A possible reason that IGIV-C did not produce a significant benefit above placebo might be that the placebo group itself achieved a ≥50% dose reduction 63% of the time. This improvement in the placebo group may make it difficult to demonstrate additional improvement from IVIG and has been seen in other MG trials.5,12,36 This may reflect additional immunosuppressive effects of CS from relatively recent dosage changes, as the criteria for trial inclusion required at least 3 months of CS dosing before entry but only 1 month of stable CS dosing.

Longer durations of follow-up are sometimes feasible in retrospective studies, although these lack contemporaneous controls and also may have significant variability in patient management and evaluation periods. For example, a recent uncontrolled, retrospective study37 showed a significant reduction in CS dosing (<50%) with long-term IG dosing (subcutaneous or IV). The patients were treated for 15–78 months. This study found that CS dosing could also be reduced by other immunosuppressants.

The TEAEs seen in this study were similar to other studies of IVIG and CS in MG.33,-,35,38,39 IVIG remains safe in patients with MG and may have a mechanism of action separate from and not synergistic or additive with that of CS. IGIV-C did not reduce the incidence of MG exacerbations/worsening during CS taper vs placebo. MG-related SAEs in both treatment groups during CS tapering emphasize that a CS taper should be conducted slowly with careful monitoring of patients for MG exacerbations.

In conclusion, the data from this study suggested no benefit of IGIV-C treatment over placebo in the reduction of daily CS dose. However, patients on higher baseline CS doses at baseline (≥20 mg/d prednisone equivalent) were more likely to achieve 50% reduction in dose than patients on lower baseline doses (<20 mg/d prednisone equivalent) in both treatment arms. The 50% reduction benchmark in the higher CS dose subgroup may have allowed for residual beneficial CS effects and was thereby easier to achieve.

Study Funding

This study was funded by Grifols.

Disclosure

V. Bril, A. Szczudlik, A. Vaitkus, C. Rozsa, A. Kostera-Pruszczyk, P. Hon, J. Bednarik, M. Tyblova, W. Koehler, and T. Tomsoo report no disclosures relevant to the manuscript. R. J. Nowak has received research support from the NIH, Genentech, Inc, Alexion Pharmaceuticals, Inc, argenx, Annexon Biosciences, Inc, Ra Pharmaceuticals, Inc (now UCB S.A), the Myasthenia Gravis Foundation of America (MGFA), Momenta Pharmaceuticals, Inc, Immunovant, Inc, Grifols, S.A., and Viela Bio, Inc (part of Horizon Therapeutics plc).
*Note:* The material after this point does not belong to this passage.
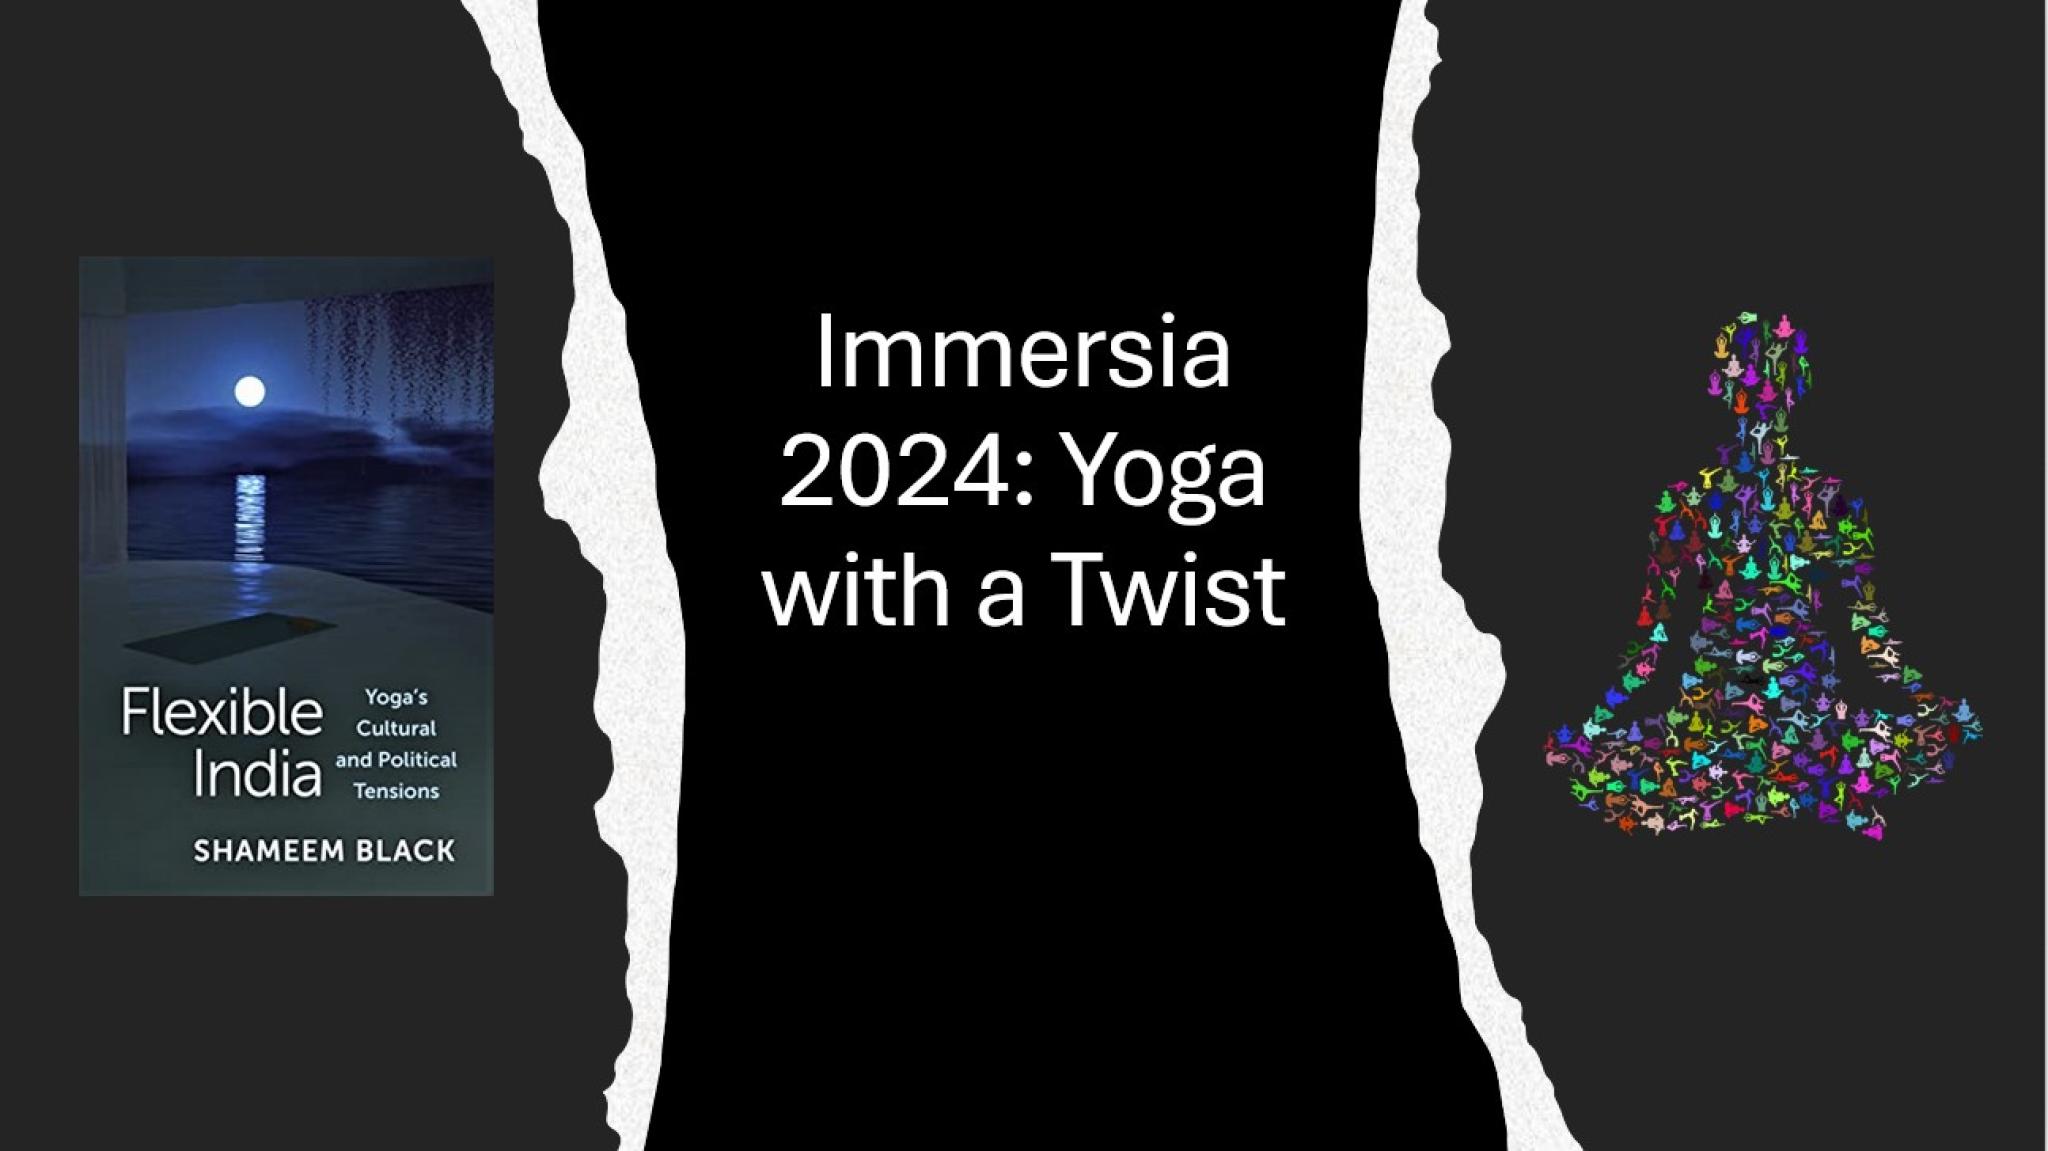 Immersia 2024: Yoga with a Twist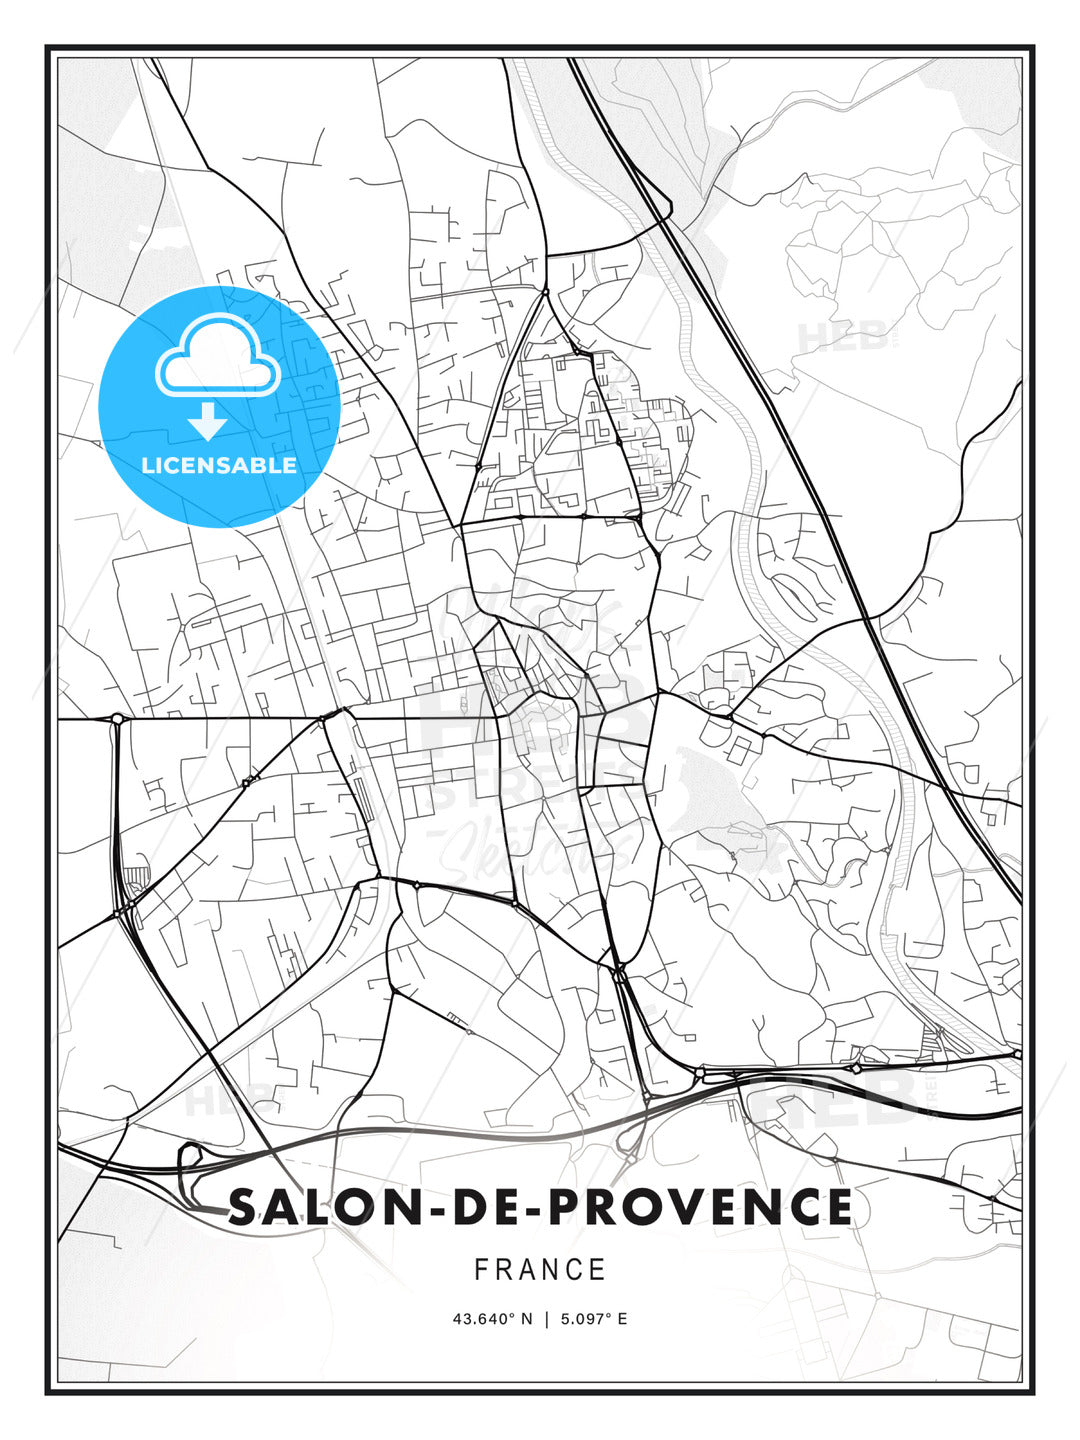 Salon-de-Provence, France, Modern Print Template in Various Formats - HEBSTREITS Sketches

He has served as consultant and advisor for Alexion Pharmaceuticals, Inc, argenx, Cabaletta Bio, Inc, CSL-Behring, Grifols, S.A., Ra Pharmaceuticals, Inc (now UCB S.A), Immunovant, Inc, Momenta Pharmaceuticals, Inc, and Viela Bio, Inc (part of Horizon Therapeutics plc). T. Mozaffar, M. Friemer, M.W. Nicolle, and T. Magnus report no disclosures relevant to the manuscript. M. Pulley has received honoraria from the following for regional advisory boards and medical advisory board (Alexion): Gamunex (not in the past 5 years), argenx, Amylyx, Alexion, BioProducts Laboratory, UCB/Ra Pharma, Immunovant, MT Pharma America, and CSL/Behring. M. Rivner reports no disclosures relevant to the manuscript. M. Dimachkie serves or recently served as a consultant for Amazentis, argenx, Catalyst, Cello, Covance/Labcorp, CSL-Behring, EcoR1, Janssen, Kezar, MedLink, Momenta, NuFactor, Octapharma, RaPharma/UCB, Roivant Sciences Inc, RMS Medical, Sanofi Genzyme, Shire Takeda, Scholar Rock, Spark Therapeutics, Third Rock UCB Biopharma, and UpToDate. He received research grants or contracts or educational grants from Alexion, Alnylam Pharmaceuticals, Amicus, BioMarin, Bristol-Myers Squibb, Catalyst, Corbus, CSL-Behring, FDA/OOPD, GlaxoSmithKline, Genentech, Grifols, Kezar, Mitsubishi Tanabe Pharma, MDA, NIH, Novartis, Octapharma, Orphazyme, Ra Pharma/UCB, Sanofi Genzyme, Sarepta Therapeutics, Shire Takeda, Spark Therapeutics, The Myositis Association, UCB Biopharma/RaPharma, ViroMed/Helixmith, and TMA. J. Distad and R.M. Pascuzzi report no disclosures relevant to the manuscript. D. Babiar, J. Lin, M. Querolt Coll, R. Griffin, and E. Mondou are employees of Grifols that provided financial support for this study and is a manufacturer of human immune globulin 10%, caprylate/chromatography purified (Gamunex-C). Go to Neurology.org/N for full disclosures.

Acknowledgment

Michael K. James, PhD, and Jordi Bozzo, PhD, are acknowledged for writing and editorial assistance. The authors express their appreciation to the patients who participated in the study in order to advance science and medicine and to study site personnel who conducted the study. Furthermore, the authors acknowledge the internal Grifols team members and vendors that collaborated in conducting the study. Specifically, the authors thank Junliang Chen (Grifols).

Appendix Authors

Table

Footnotes

  • Go to Neurology.org/N for full disclosures. Funding information and disclosures deemed relevant by the authors, if any, are provided at the end of the article.

  • The Article Processing Charge was funded by Grifols, S.A.

  • Submitted and externally peer reviewed. The handling editor was Anthony Amato, MD, FAAN.

  • Class of Evidence: NPub.org/coe

  • Infographic NPub.org/ig1007

  • Received January 31, 2022.
  • Accepted in final form September 16, 2022.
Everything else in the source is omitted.